Thank God She does not have Avvascular Necrosis

Survivor Issues: Avascular Necrosis (AVN)
Avascular necrosis is a condition characterized by cell death in bones caused by a compromised blood supply to the bone. Advanced cases show bone collapse in the affected joint. AVN can be caused by high-dose steroids and radiation treatment. It is usually seen in the first year off treatment; adolescent girls are most susceptible.
The hip bone is the most common site for AVN, knee, shoulder and other joints can also be affected.
Also known as:
osteonecrosis (ON); ischemic necrosis of bone; aseptic necrosis; osteochondritis dissecans
Description of AVN
Merck manual
Signs and Symptoms
The symptoms of AVN vary; in general, the symptoms include pain and loss of movement in the affected joint. Some patients have intense, incapacitating pain, others experience tolerable pain and little loss of movement.
Diagnosis
According to the Merck Manual, "Early diagnosis requires a high index of suspicion in patients presenting with pain, particularly of the hips, knees, or shoulders." In other words, unless the physicians suspect AVN, they will not find it. An MRI is the most sensitive test for AVN; x-rays might not show AVN until it has progressed to the point of bone collapse.
Treatment
Cortical bone grafts, core decompression (the central portion of the bone is removed to reduce pressure), osteotomy (a wedge of the bone is removed), and hip (or knee) replacement.

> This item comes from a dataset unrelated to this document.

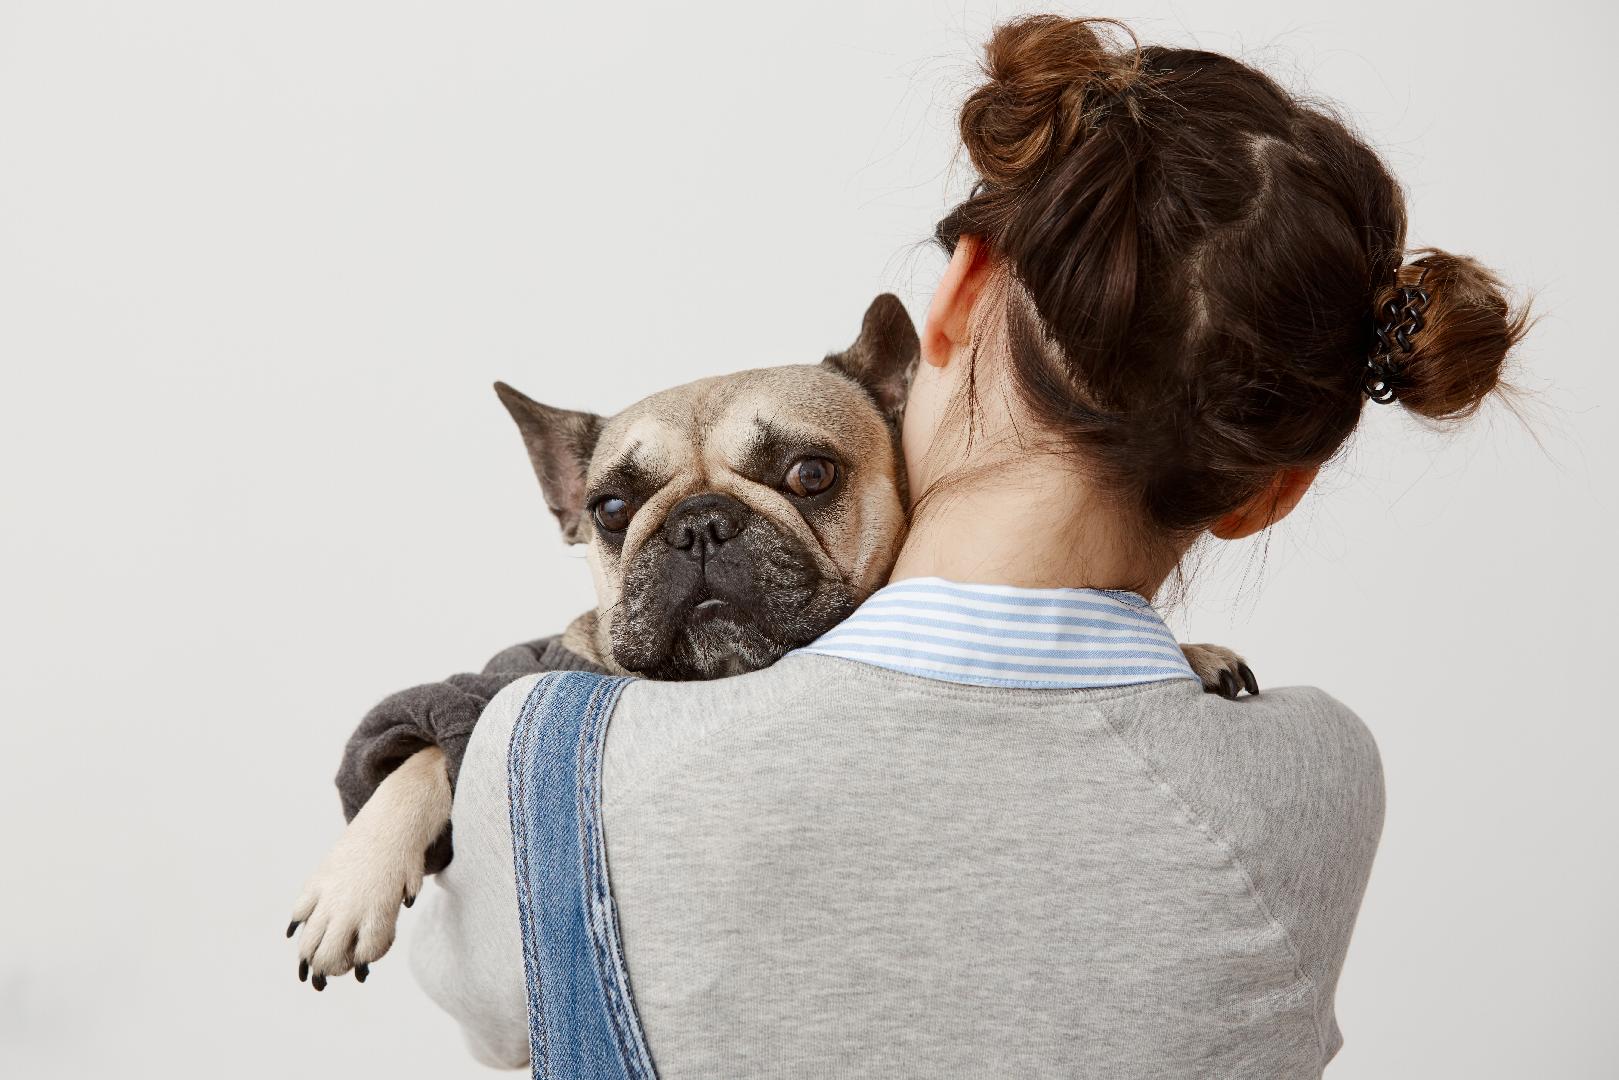 Pet Parents and their pets sharing the search for well-being

I bet they never told me that was a posibility!!!!!

Tomorrow we have an appointment to see Dr. Mankey and have the stitches taken out. I offered to take them out for her and she refused.

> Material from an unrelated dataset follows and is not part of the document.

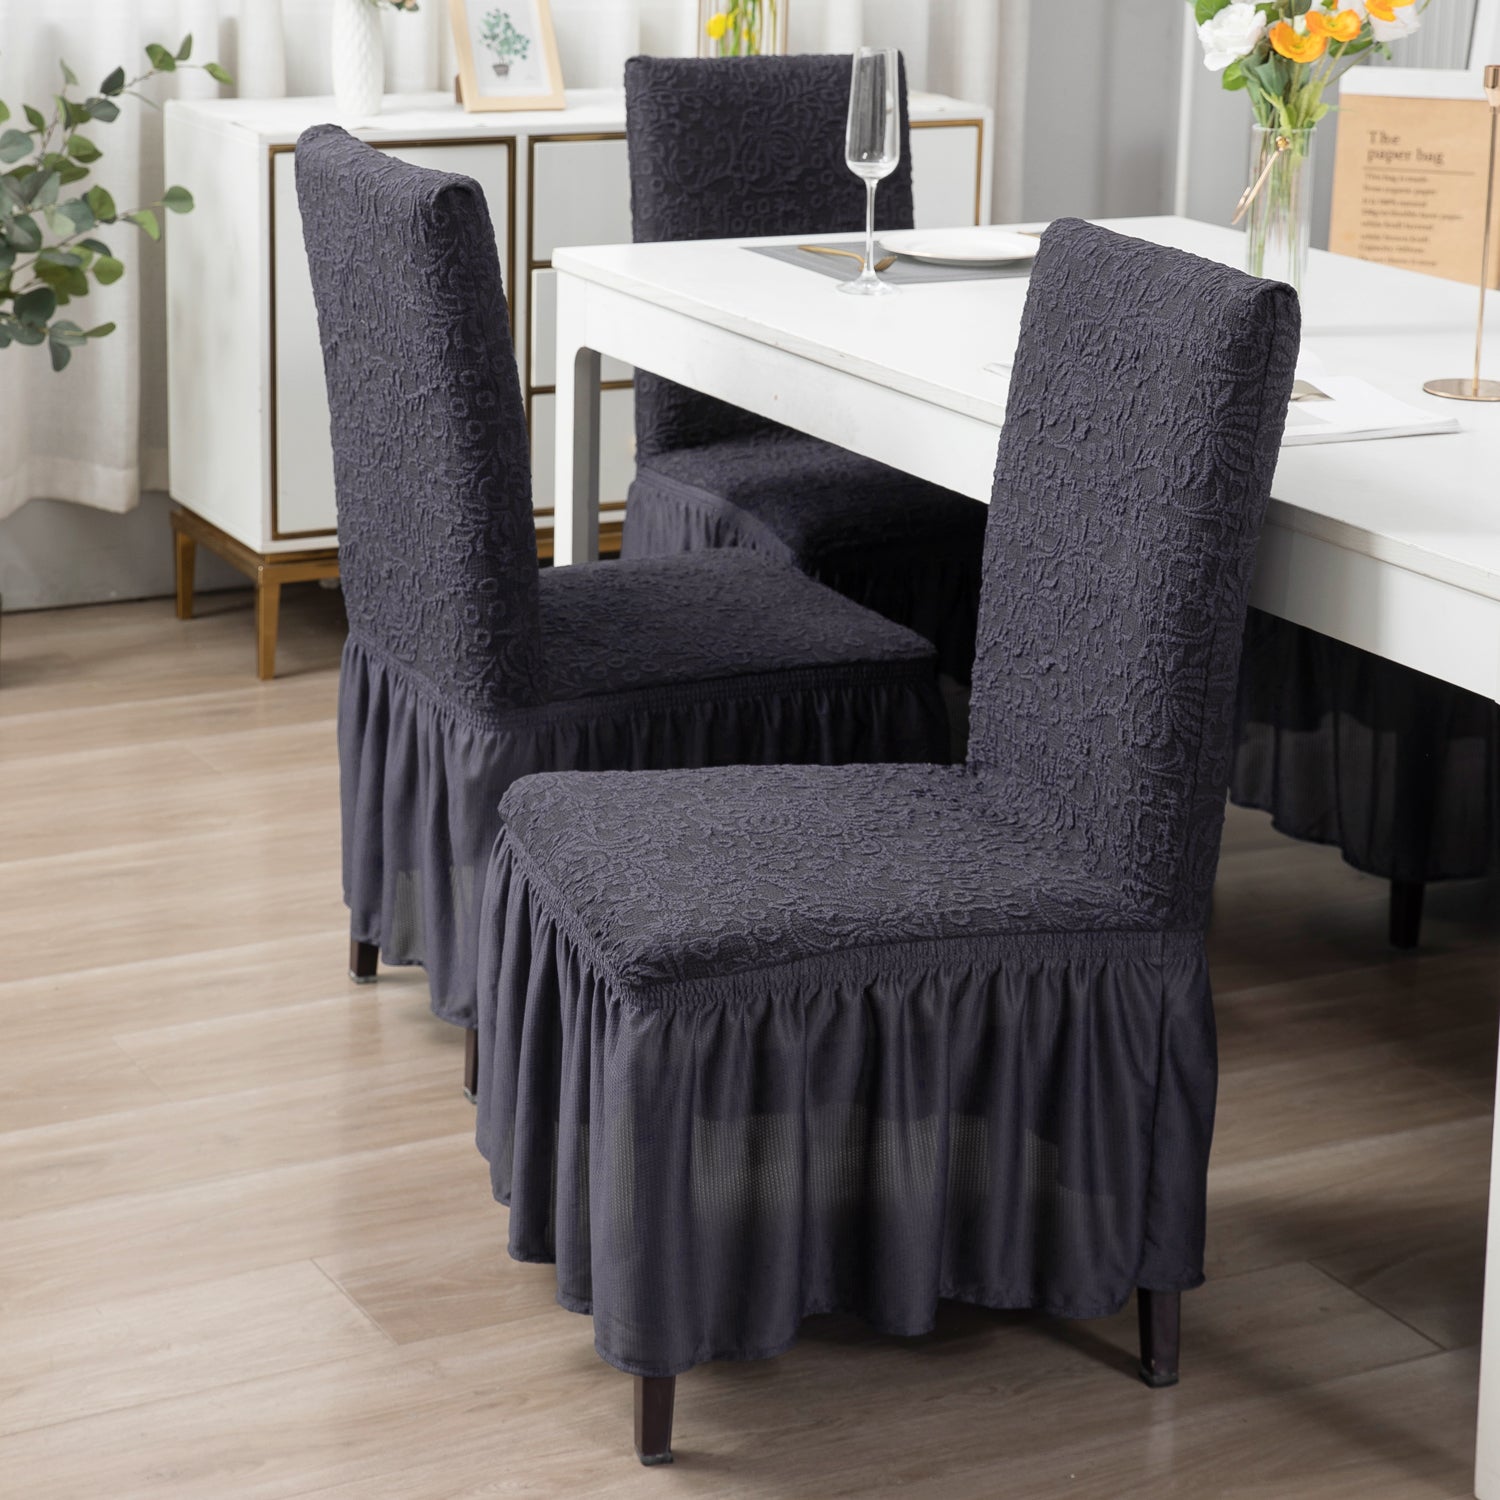 Elastic Stretchable Designer Woven Jacquard Dining Chair Cover with Frill, Abbey Grey

One thing about spending so much time at Children's is it takes 2 nano seconds to return to a place of gratefulness......

Monday, August 24, 2009

The Real Story of Gastrocnemius Recession Recovery


Walking, we are walking, the get up and come to Mama moment happened on Friday. Day 11 we threw the walker away and began to totter around sort of like a penguin. Seemed to be a good thing. A few steps, down stairs easier than upstairs. Bruises created by placement of the incision by the top of the boot. Too much walking or sitting with feet down, bad. Feet up good.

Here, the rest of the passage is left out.